Liv Boeree suggests that intuition is a great tool for something you have done a lot, but not great for a task or situation your are new to.

Intuition is something we feel rather than something we think. And this is important - because true rationality is not just about our thoughts.

Mind and Body

The 'red pill' on rationality is realising that 'mind' and 'body' are not really separate.

The better your introspective capacity, the more you will notice how certain thoughts and experiences, and especially feelings and intuitions, have a strong physiological dimension.

The Role of Trauma

Trauma is the response of an individual's body-mind - and sometimes larger groups of individuals and collectives - to overwhelming stress. [...] traumatic stress exceeds one's capacity to stay related to the experience.

Clear signs of traumatic response are:

With traumatic triggering, we are hijacked and far more likely to sink into reactive modes of thinking.

Harnessing Our Attention

Learning how to train our attention - our ability to stay focused on what is really relevant for our goals. In this regard, by far the most useful long-term technique we have encountered is mindfulness meditation.

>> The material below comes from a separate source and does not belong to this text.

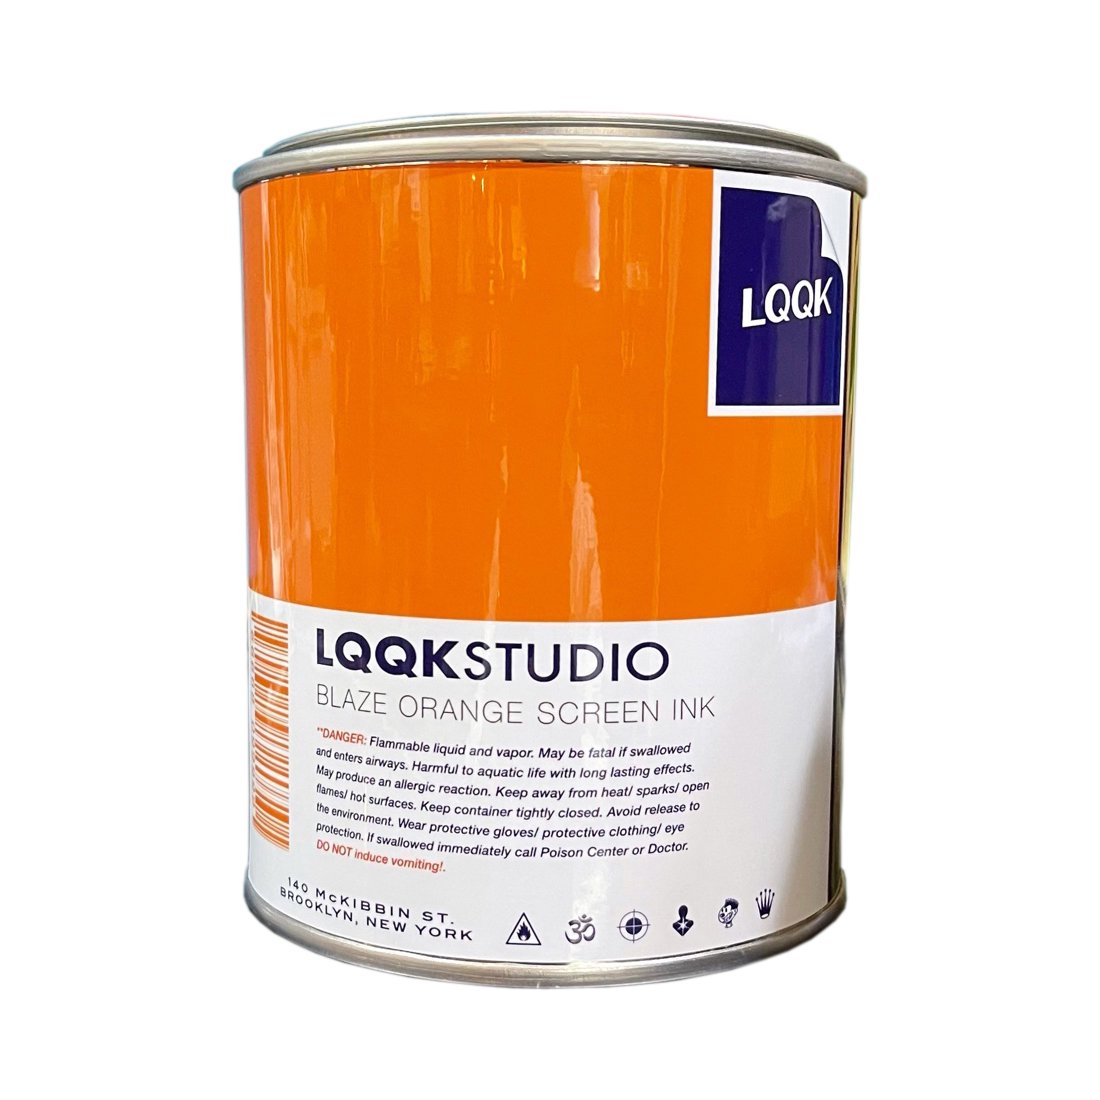 LQQK STUDIO / CANDLE
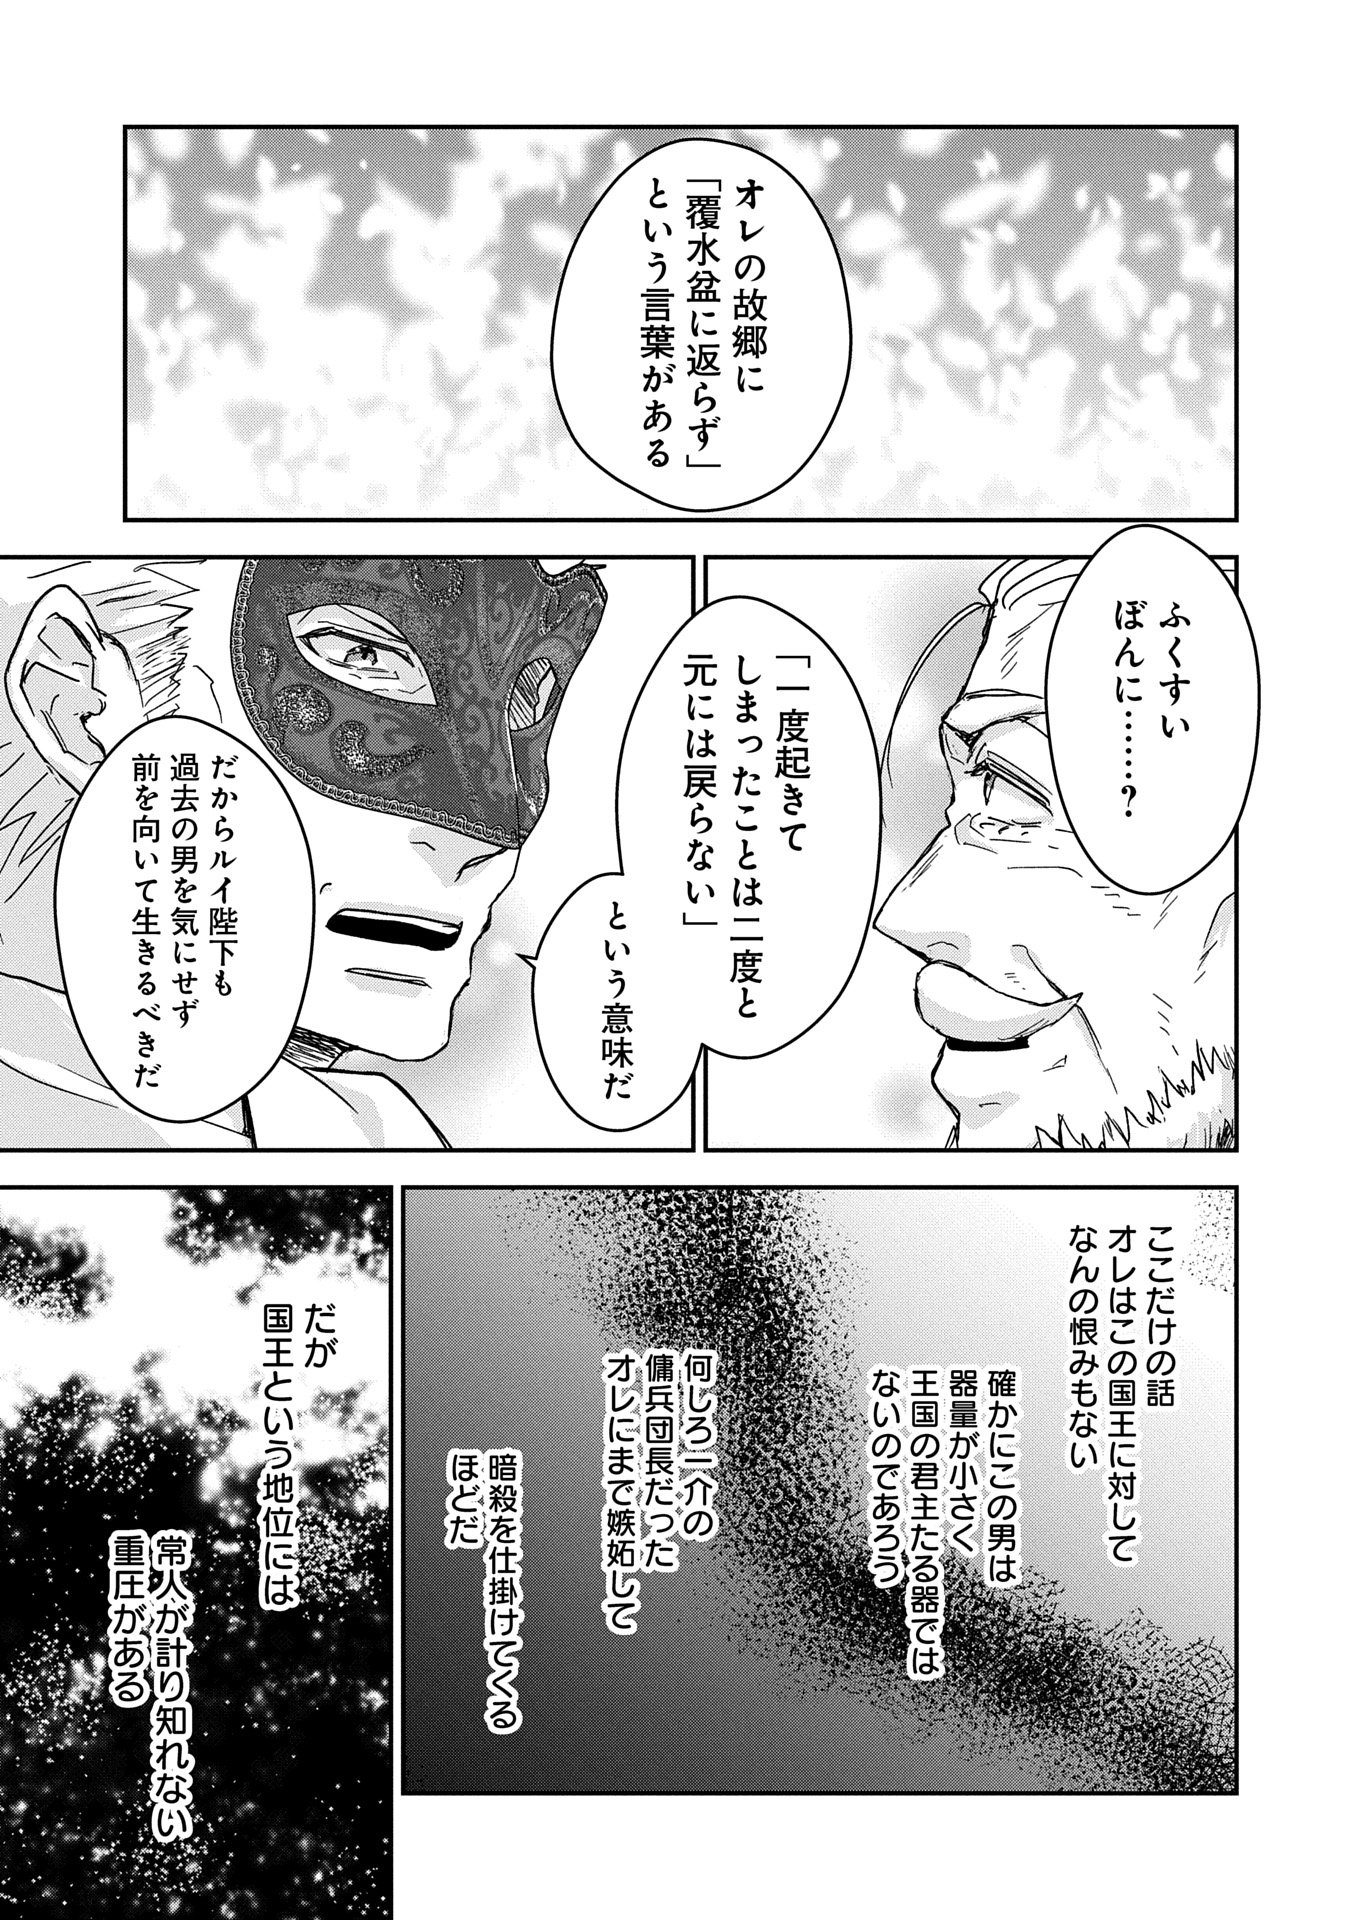 Senki to Yobareta Otoko, Puke ni Ansatsu Saretar Musume wo Hiroi, Issho ni Slow Life wo Hajimeru - Chapter 28.2 - Page 17

Meditation encourages an attitude of Presence in our lives. We face up to an process the reality of each moment in its full breadth and depth: ensuring a full map for the process of relevance realisation and effective sensemaking.

IAAA Model

        ┌─────────┐
        │Intention│
        └┬───────┬┘
         │       │
 ┌───────┴─┐   ┌─┴───────┐
 │Attention├───┤Attitiude│
 └─────────┘   └─────────┘
  1. Set an intention & cultivate a particular attitude - self compassionate, curious and open. We use our ability to focus and concentrate to pay attention to our experience right now.
  2. Distraction occurs. Stay curious.
  3. Return to our intention with a healthy attitude.

Cognitive Flexibility and the De-Centering Move

Cognitive flexibility : Our ability to adapt our thinking to change to our environment.

Decentering is a mind-body move in which we 'step outside' of and observe the contents of immediate experience. We cease to identify with, and stop believing ourselves identical to, our thoughts and narratives, emotions, or somatic sensations. And with this distance, we can pay closer attention to how these contents arise, including in relation to particular triggering stimuli and the shaping of beliefs, which makes us less liable to 'hijacking' by temporary events: a cause of both ineffective sensemaking and much of our everyday suffering.

A course of mediation produced a less self-referential, emotional, and visceral state among patients asked to reflect on negative autobiographical memories. Decentering is most helpful when processing events that are the most emotionally and personally affecting for us. Decentering decreases hostile attribution, or the likelihood of projecting negative attributes to other people.

As well as facilitating de-centering, research suggests that meditation helps with compulsive behaviour by causing us to pay closer attention to the local stimuli of a trigger. This helps us to see the trigger as a mere set of sensations, and not the compulsive hook that demands our response.